-------- Records for processing

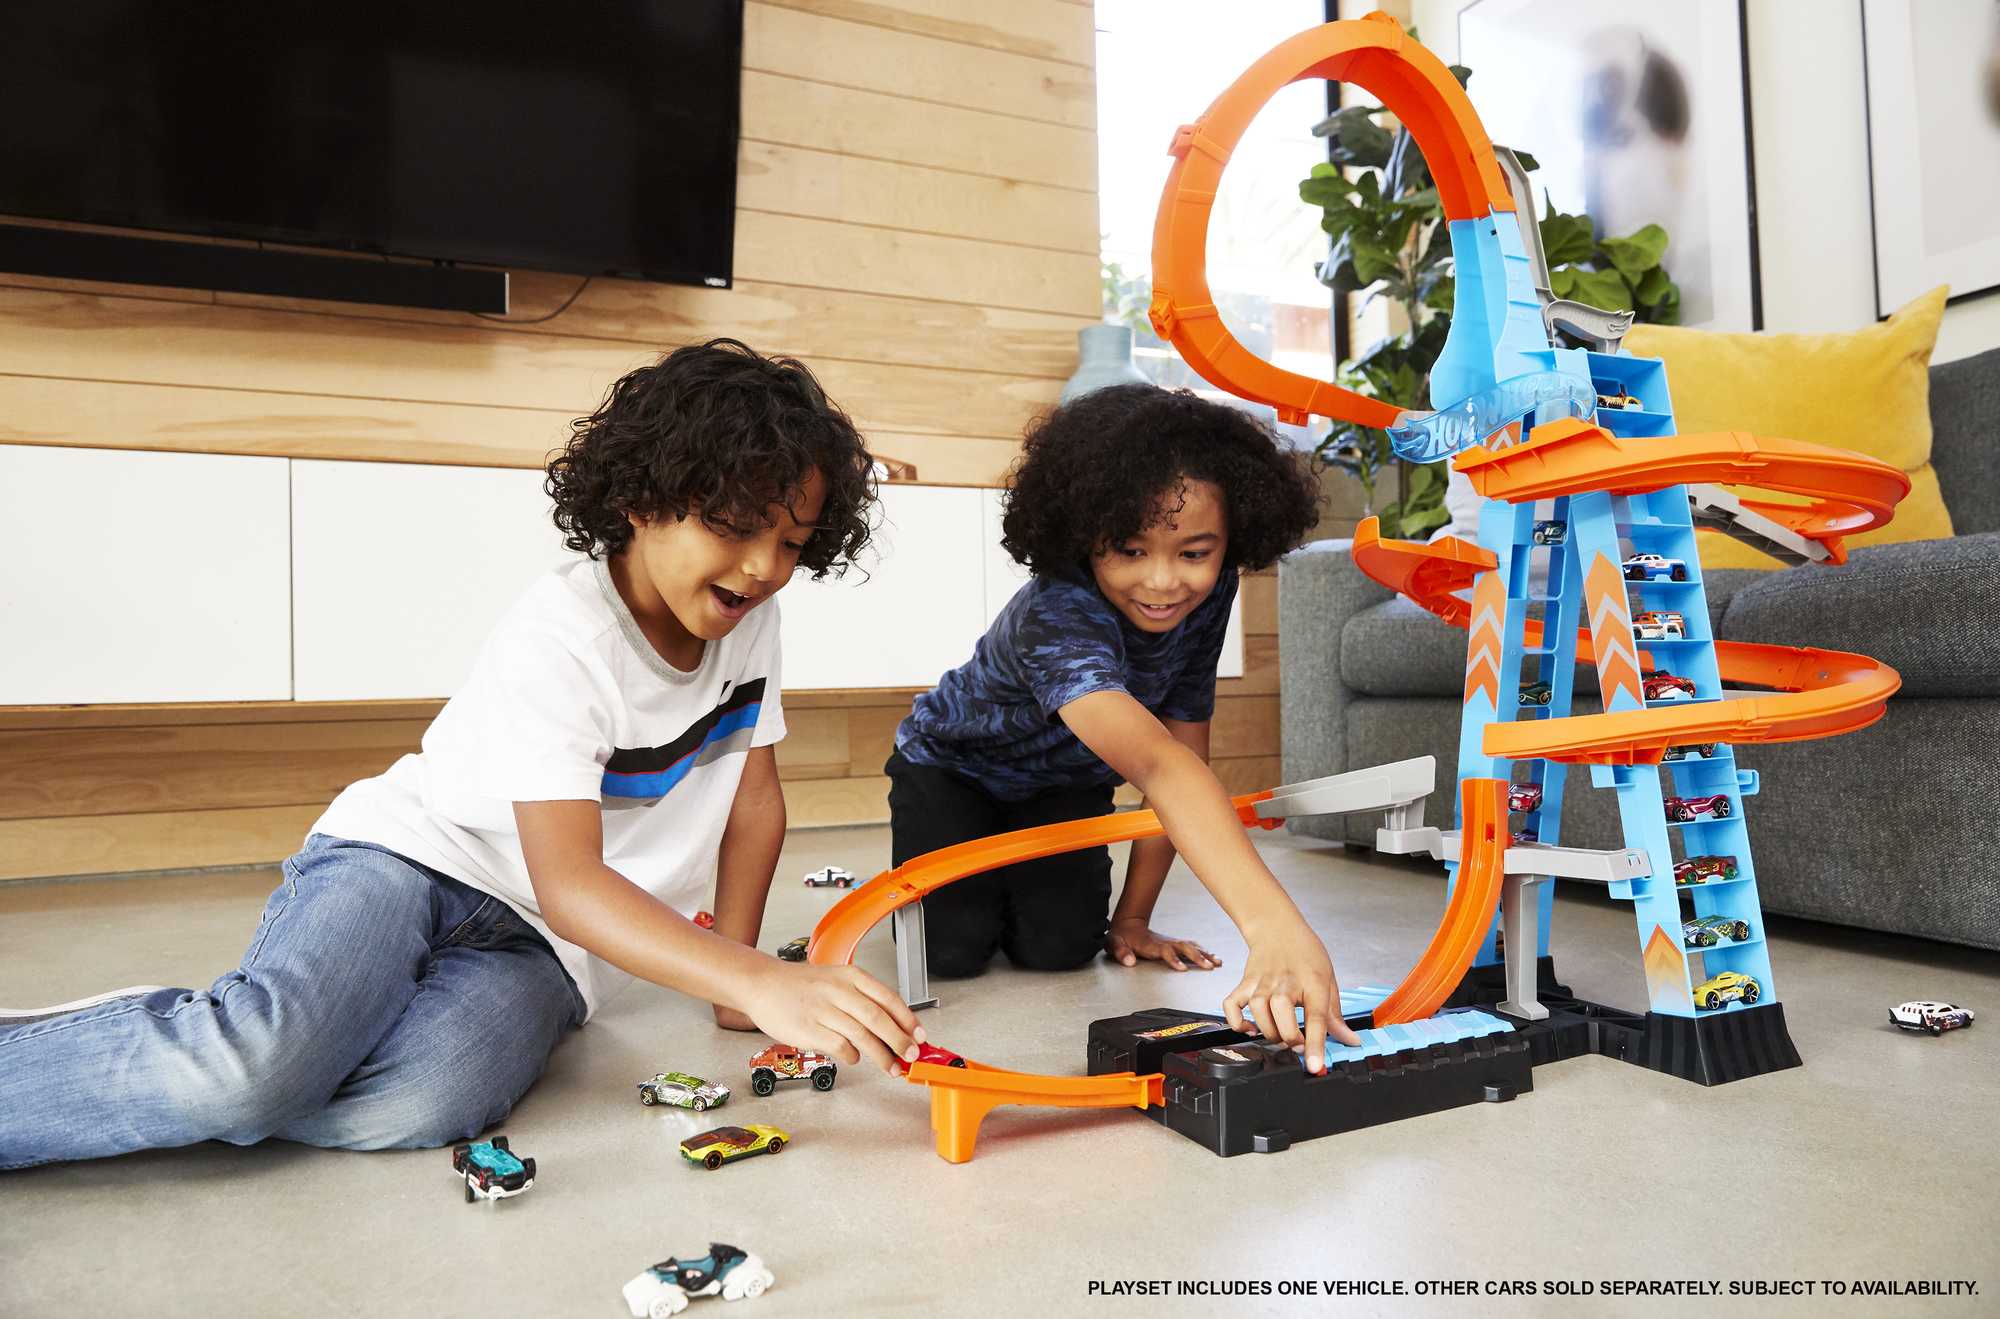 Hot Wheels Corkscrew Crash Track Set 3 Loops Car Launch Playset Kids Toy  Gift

----------------
-------- Records for processing

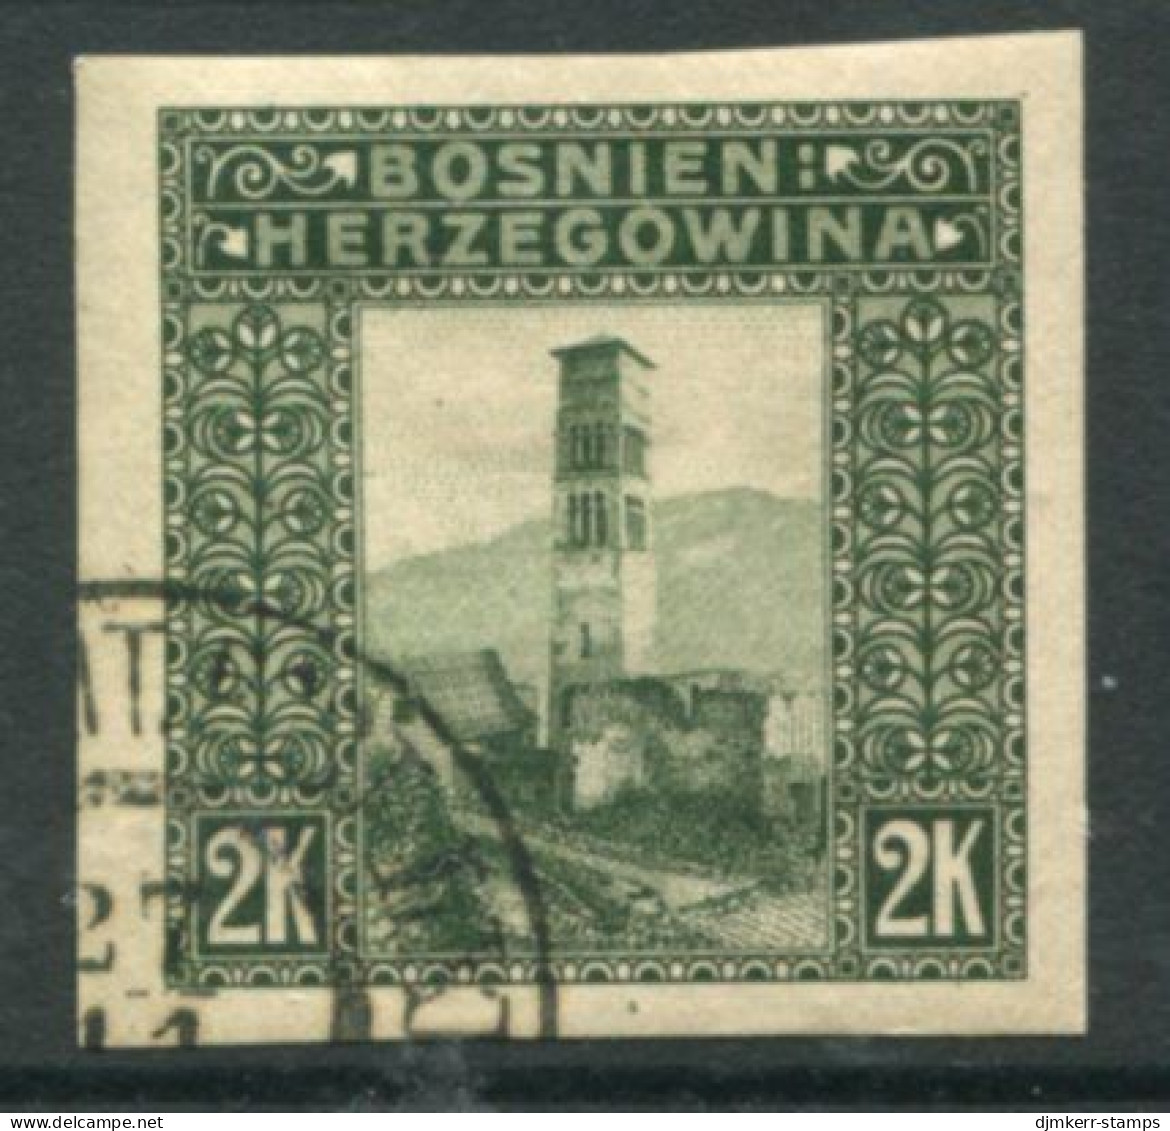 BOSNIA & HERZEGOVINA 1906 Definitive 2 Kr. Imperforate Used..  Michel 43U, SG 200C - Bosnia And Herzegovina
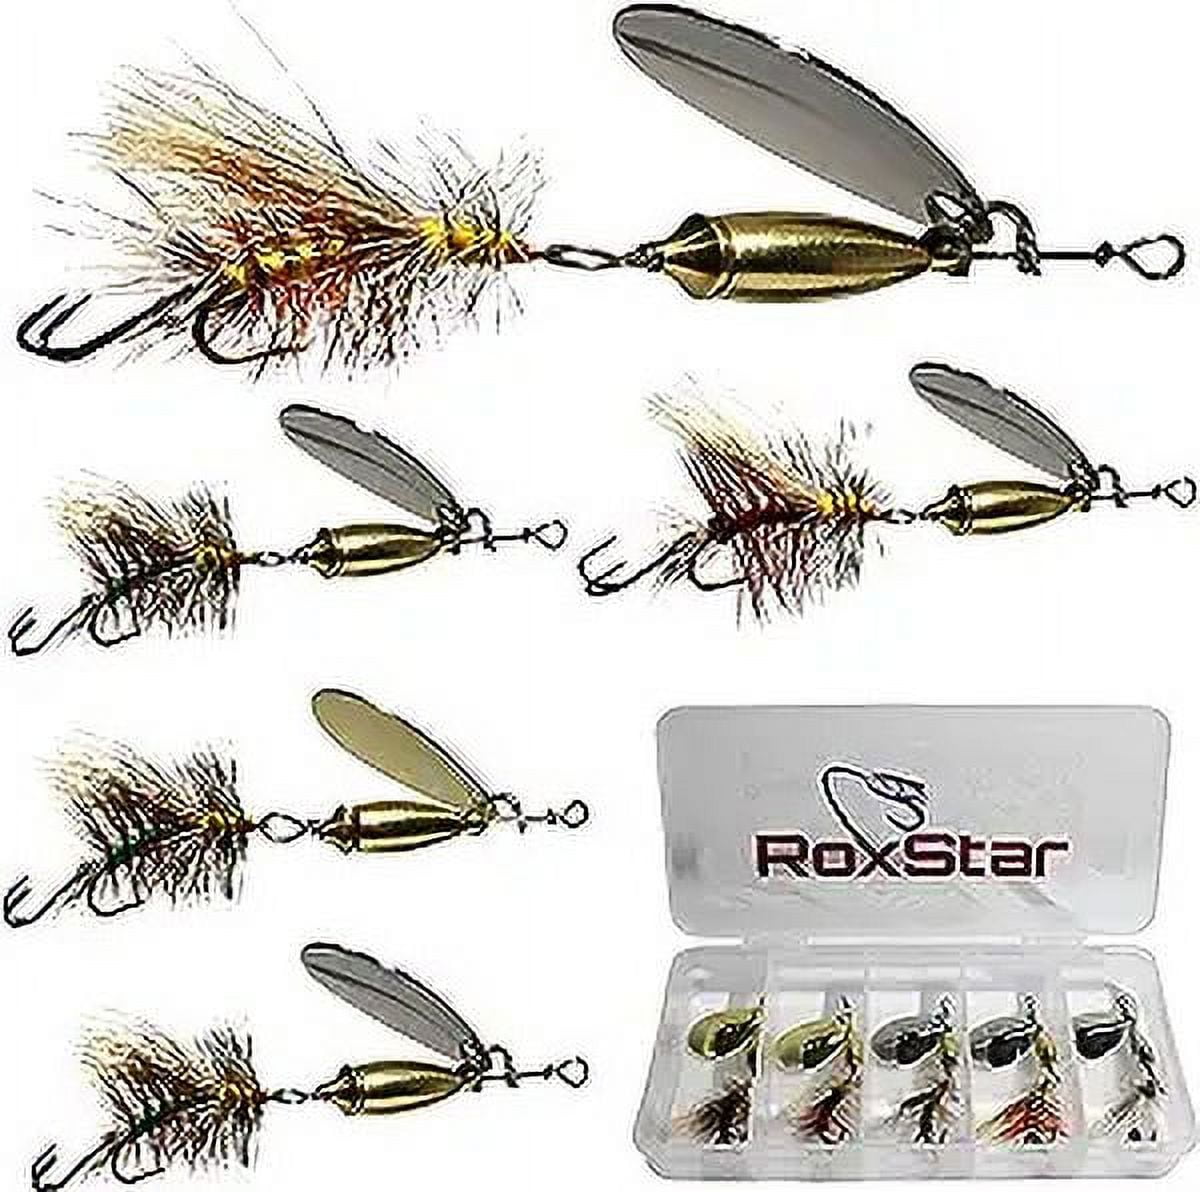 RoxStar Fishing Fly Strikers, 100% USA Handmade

----------------
-------- Records for processing

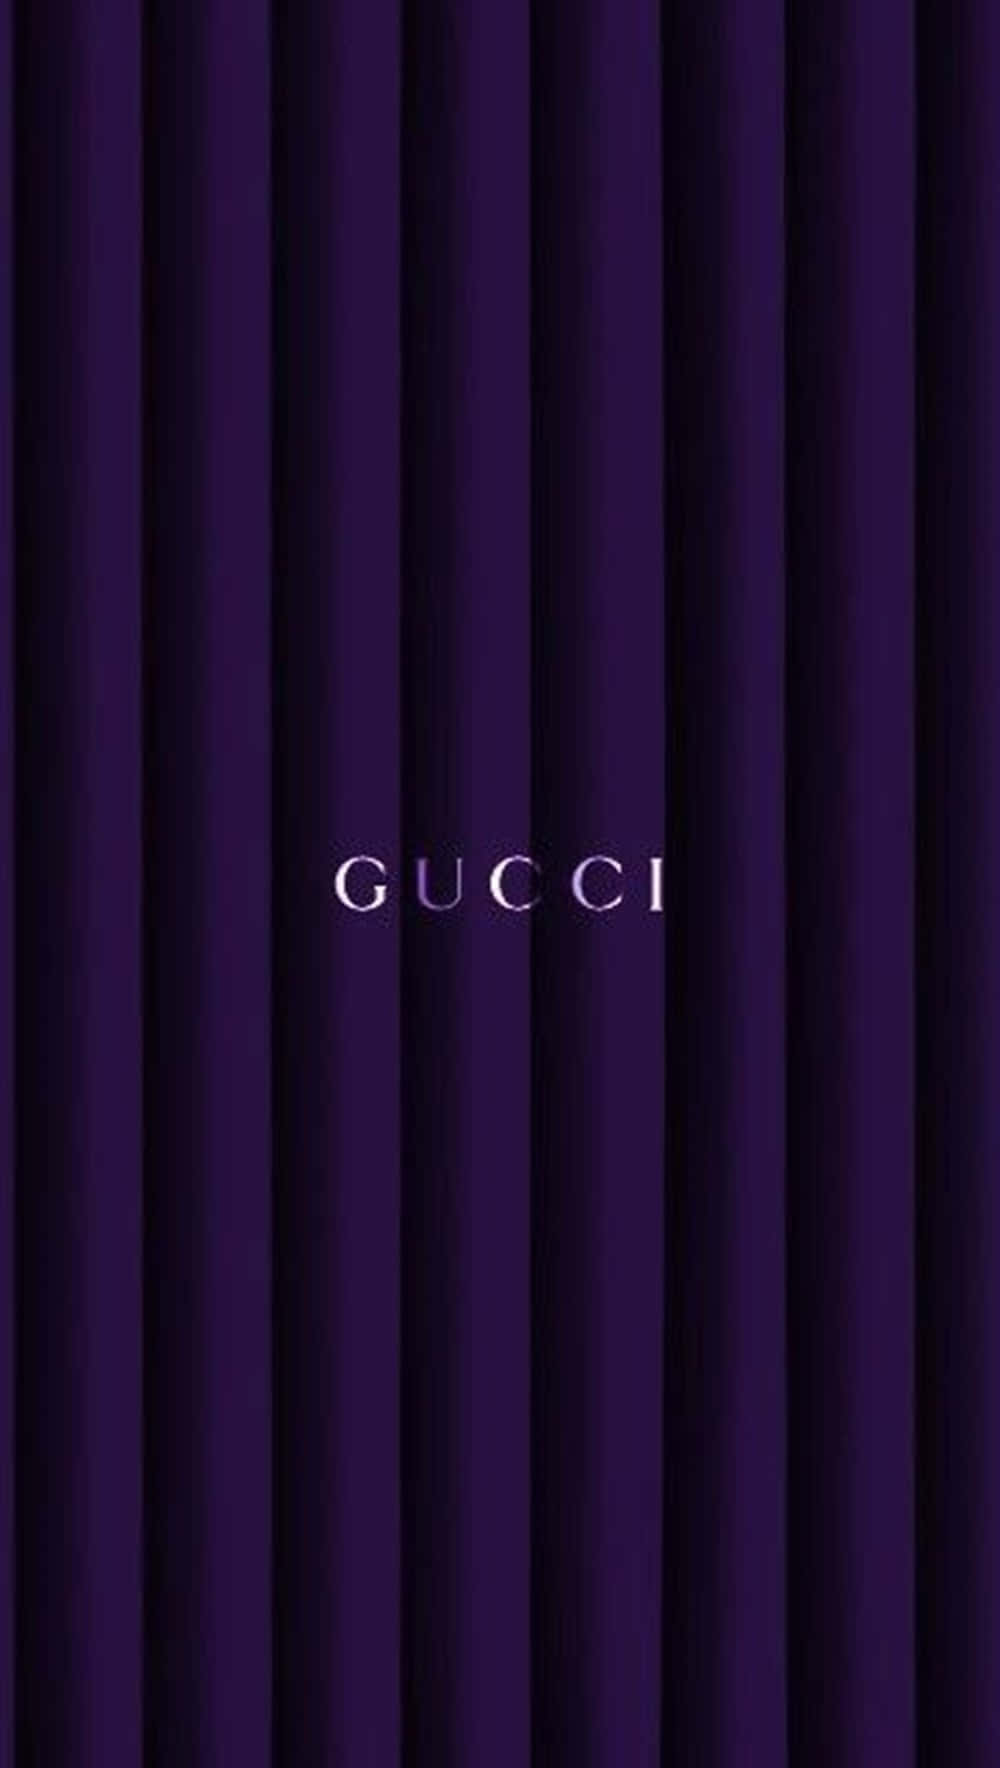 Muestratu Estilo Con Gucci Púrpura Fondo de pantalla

----------------

Task statement — Within the entries above, give again exactly the lines starting at the one that contains "BOSNIA & HERZEGOVINA" and ending at the one that contains "RoxStar Fishing Fly", leaving out the pictures.

Exercise response —
 BOSNIA & HERZEGOVINA 1906 Definitive 2 Kr. Imperforate Used..  Michel 43U, SG 200C - Bosnia And Herzegovina
 RoxStar Fishing Fly Strikers, 100% USA Handmade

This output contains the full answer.